TalkChess.com

Posted: **Tue Jul 23, 2013 4:27 pm**

With Houdini 3 I played large number of games on 2x nodes versus 1x nodes per move level, or effective doubling time control:

Code: Select all

                                    w     l     d     Elo

1)  4k nodes vs 2k nodes          +3862 -352  =786   +303
2)  8k nodes vs 4k nodes          +3713 -374  =913   +280
3)  16k nodes vs 8k nodes         +3399 -436 =1165   +237
4)  32k nodes vs 16k nodes        +3151 -474 =1374   +208
5)  64k nodes vs 32k nodes        +2862 -494 =1641   +179
6)  128k nodes vs 64k nodes       +2613 -501 =1881   +156
7)  256k nodes vs 128k nodes       +942 -201  =855   +136
8)  512k nodes vs 256k nodes       +900 -166  =930   +134
9)  1024k nodes vs 512k nodes      +806 -167 =1026   +115
10) 2048k nodes vs 1024k nodes     +344  -83  =572    +93
11) 4096k nodes vs 2048k nodes     +307  -85  =607    +79

The gain from doubling the nodes I fitted with a/(b*x^c + 1), where x is the number of doublings, getting the correlation 0.99
The plot is here:

The 40/4', 40/40' and 40/120' CCRL and CEGT levels are shown, and the resulting gain from doubling in this extrapolation is ~70 points at 40/4', ~55 points at 40/40' and ~45 points at 40/120'. The limiting value I get by summing up to infinity over all doublings (infinite time control), and is 1707 points above the Houdini 3 40/40' CCRL level. So, I get 4877 Elo points on CCRL the rating of the perfect engine, similar to what I remember Don got some time ago.

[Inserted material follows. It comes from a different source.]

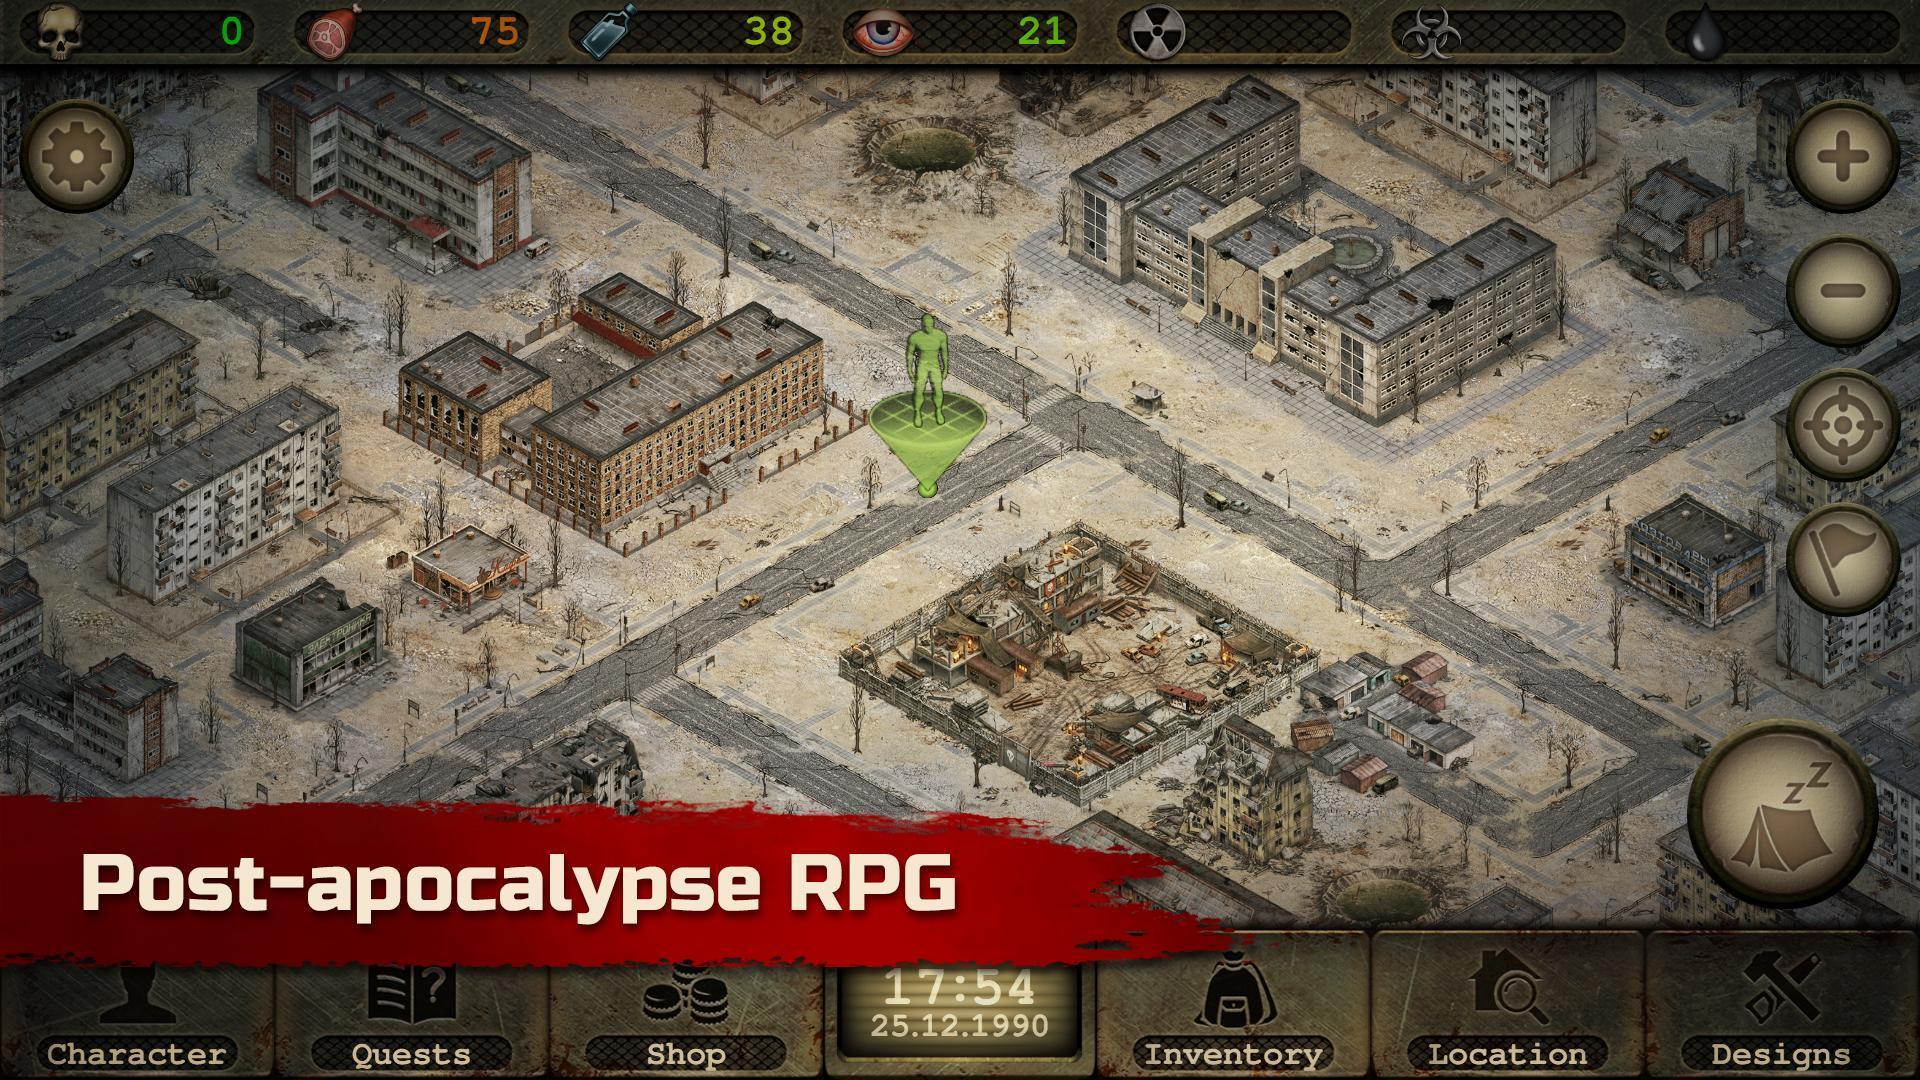 Day R Survival – Apocalypse, Lone Survivor and RPG 1.647 Screenshot 13

The draw ratio I fitted with a shifted logistic, getting the correlation 0.999. In self play we can expect a very high percentage of draws going to very long time controls.
The plot is here:

The hardest to quantify to me was the win/loss ratio, which I somehow assumed to be constant at longer TC. It seems not to be the case, win/loss ratio seems to decrease with time control (or nodes). I fitted it with 1 + 1/(a*x + b), getting a correlation 0.96.
The plot is here:

Posted: **Tue Jul 23, 2013 5:46 pm**

Hello Kai:

Very interesting study, as usual.

Laskos wrote:The hardest to quantify to me was the win/loss ratio, which I somehow assumed to be constant at longer TC. It seems not to be the case, win/loss ratio seems to decrease with time control (or nodes). I fitted it with 1 + 1/(a*x + b), getting a correlation 0.96.

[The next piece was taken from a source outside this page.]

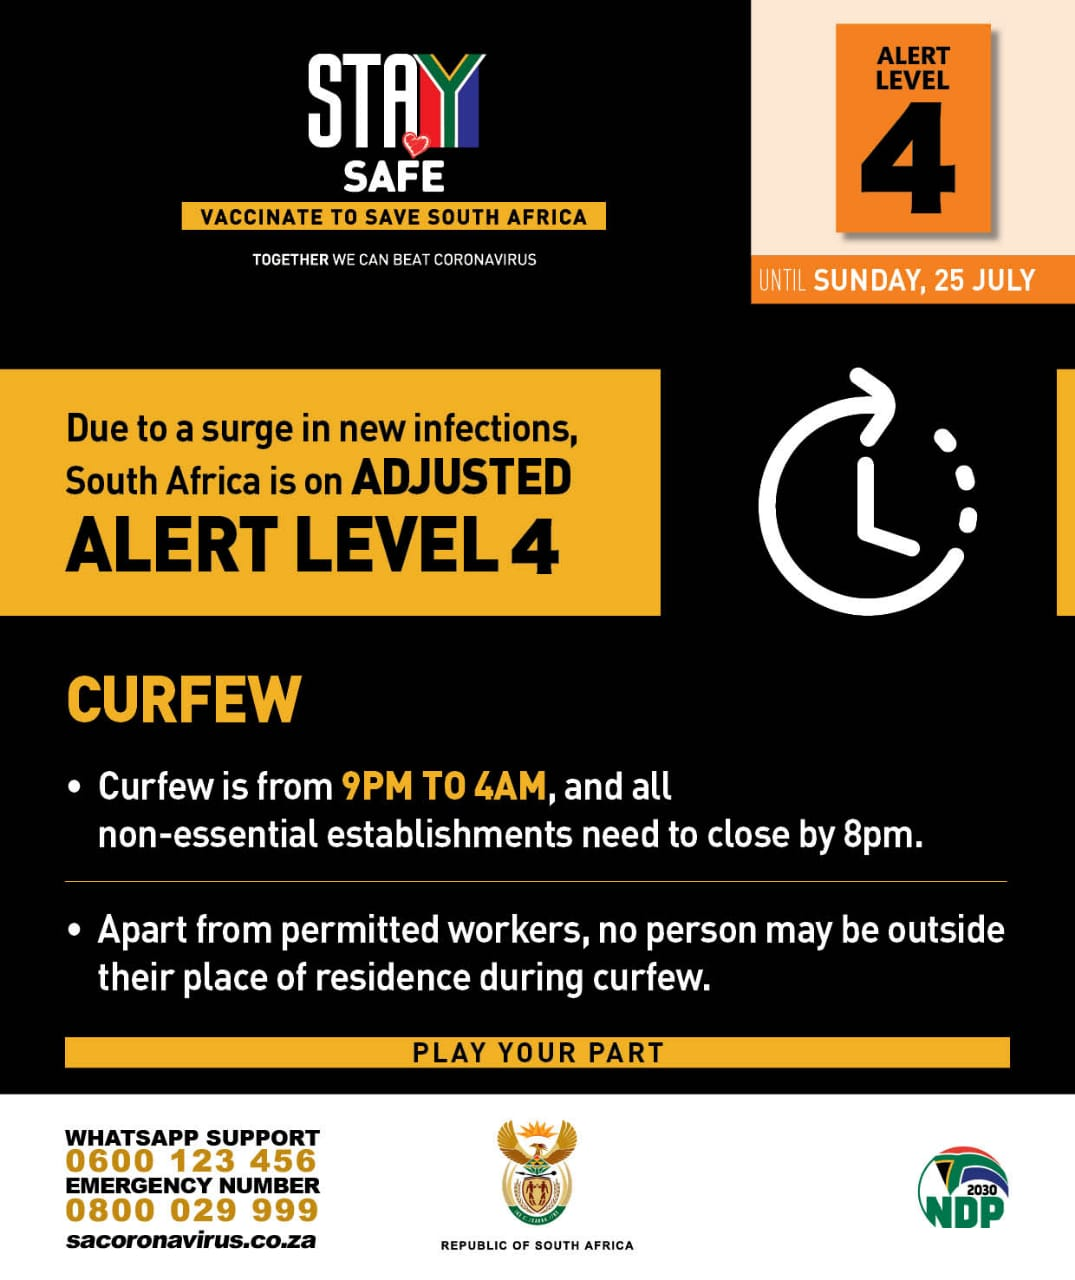 Disaster Management Act Regulations Alert Level 4 During Coronavirus Covid 19 Lockdown As Of 28th June 2021 Sa Corona Virus Online Portal

I see that the fit of draw ratio is superb and the fit of Elo gain is also good. You were a bit worried about the fit of wins/loses ratio. I suggest you to use both Elo gain and draw ratio equations in a try to do a better fit (I do not know if it will work):

Code: Select all

W = wins/games; D = draws/games; L = loses/games.
Elo gain = delta = 400*log{[1 + (W - L)]/[1 - (W - L)]}
W - L = [10^(delta/400) - 1]/[10^(delta/400) + 1]

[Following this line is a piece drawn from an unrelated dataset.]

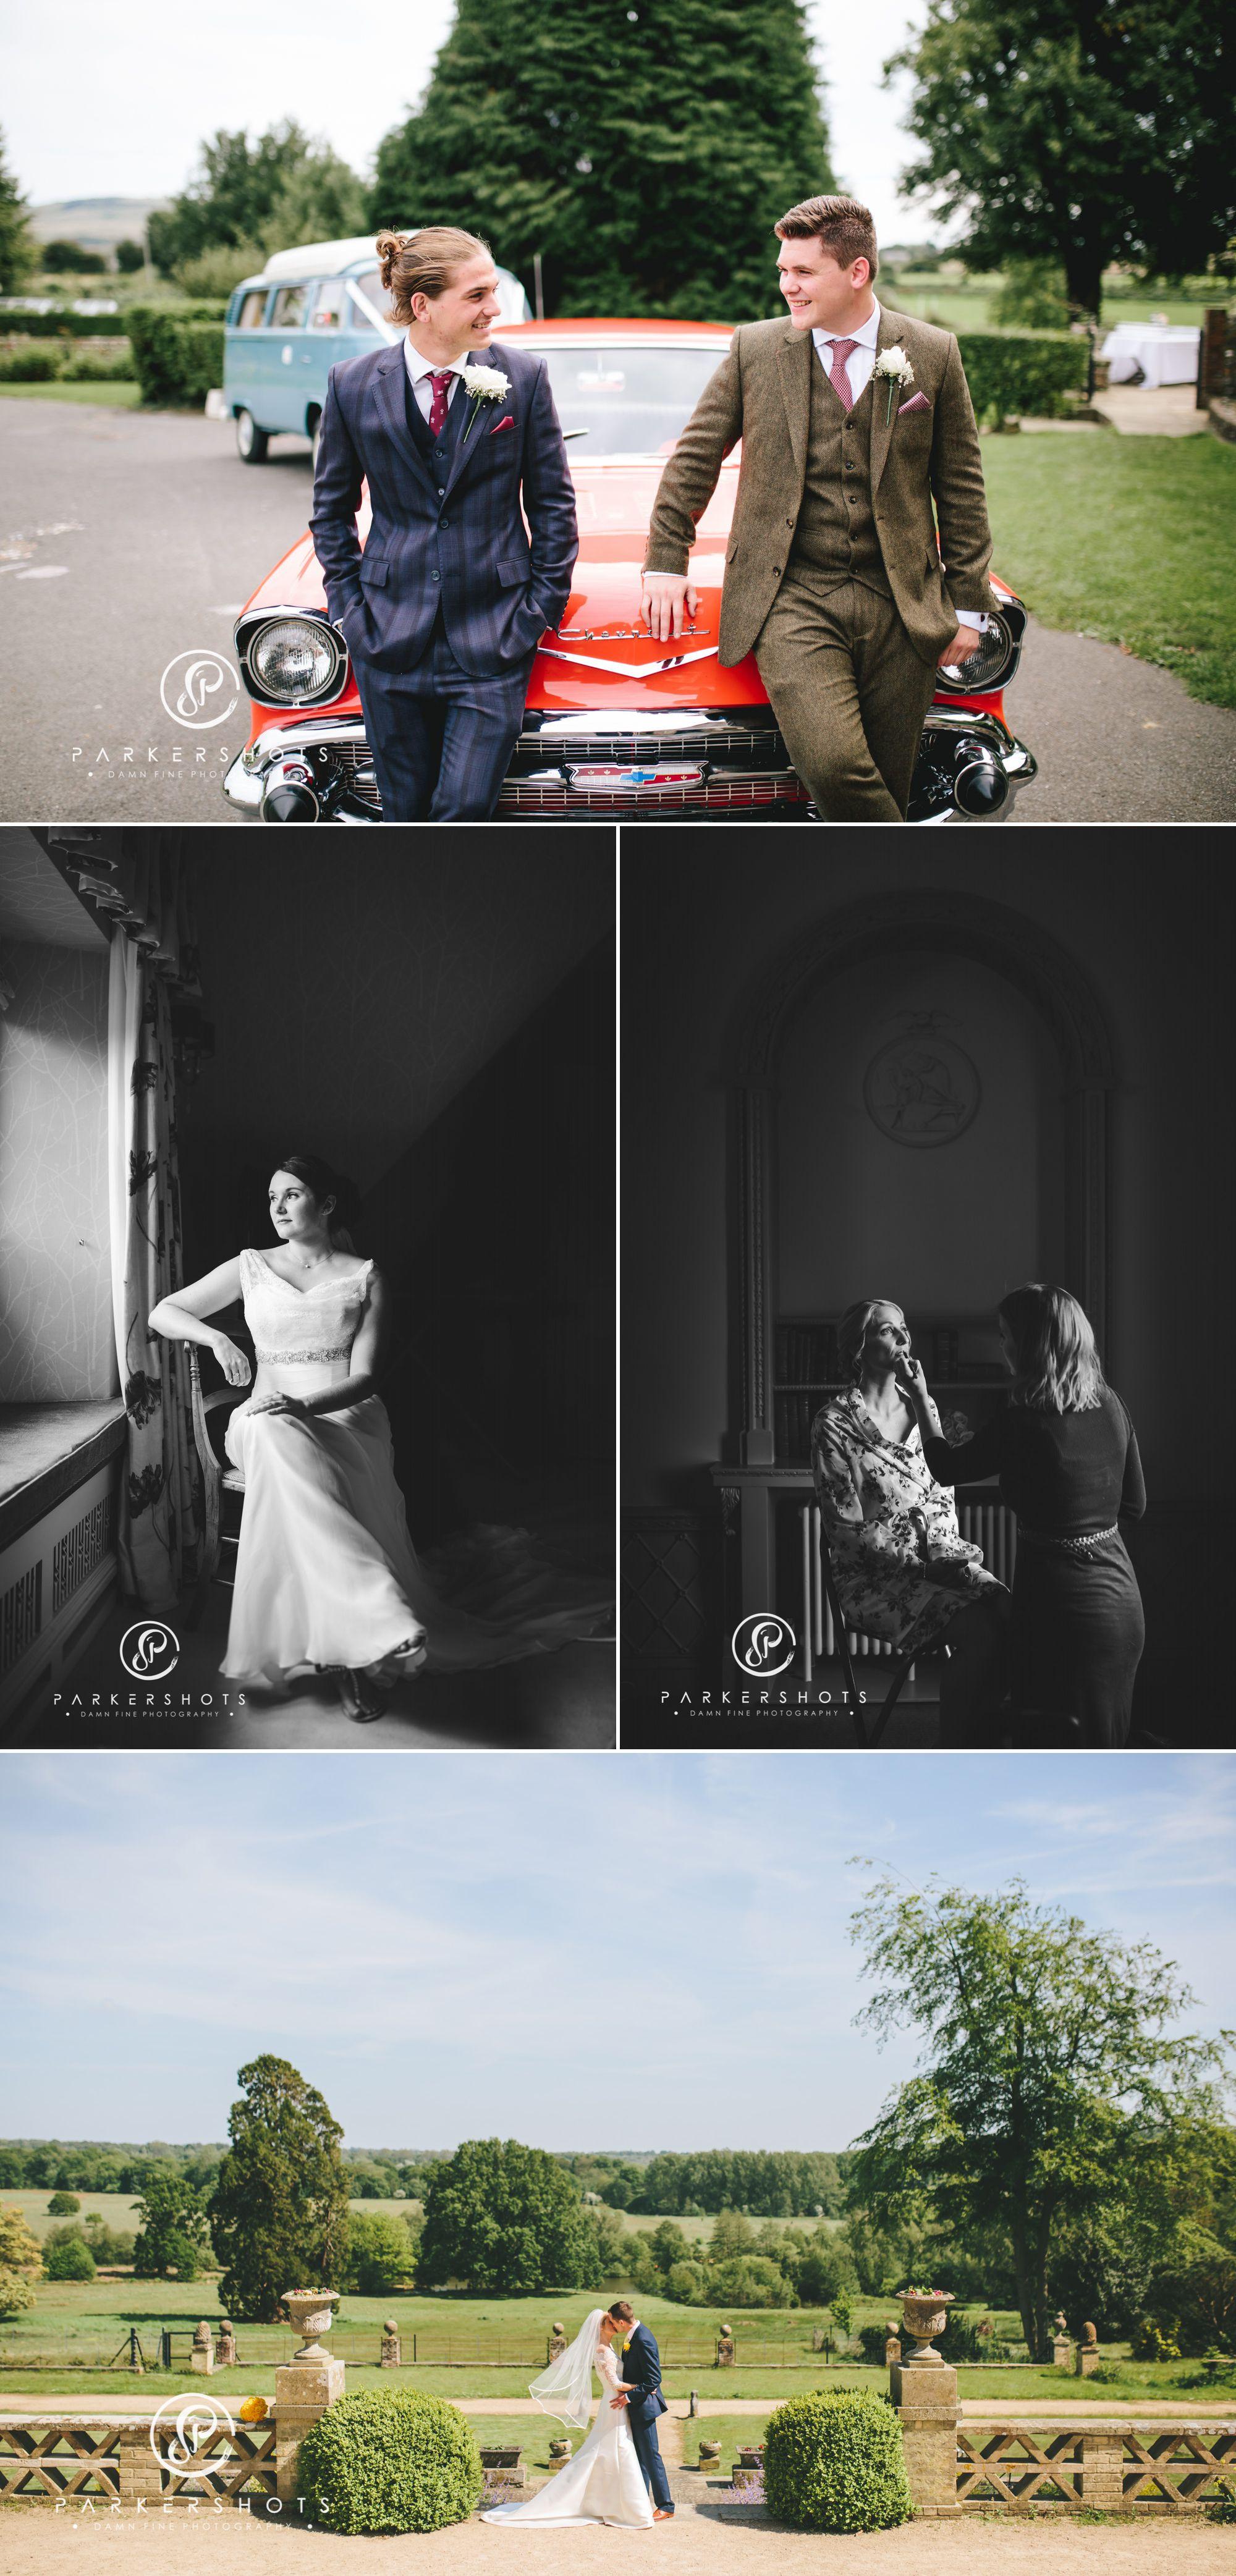 Best_Of_Wedding_Photographer_2015 20

W + D + L = 1 by definition; 1 - D = W + L.
W = [(W + L) + (W - L)]/2 = [1 - D + (W - L)]/2.
L = [(W + L) - (W - L)]/2 = [1 - D - (W - L)]/2.

W/L = [1 - D + (W - L)]/[1 - D - (W - L)] = {2*10^(delta/400) - [10^(delta/400) + 1]*D}/{2 - [10^(delta/400) + 1]*D}

For simplicity of read: y = 10^(delta/400).
W/L = [2y - (y + 1)*D]/[2 - (y + 1)*D]

For simplicity of read: u = (y + 1)*D.
W/L = (wins/games)/(loses/games) = wins/loses = (2y - u)/(2 - u)

I hope no typos. You can replace delta by a/(b*x^c + 1) and D by the shifted logistic. The new equation will not be nice but hopefully it will bring a better fit. Just my two cents.

Regards from Spain.

Ajedrecista.

Posted: **Tue Jul 23, 2013 6:52 pm**

Have you compared with Ken Thompson's and Berliner's results? Both saw something similar. Doubling anything at shallow depth represents a larger change than at deeper depths, since the tree is exponential in nature... There's always been a diminishing return aspect of such tests. But the key has been that while it continues to diminish, it doesn't go to zero for any practical speed...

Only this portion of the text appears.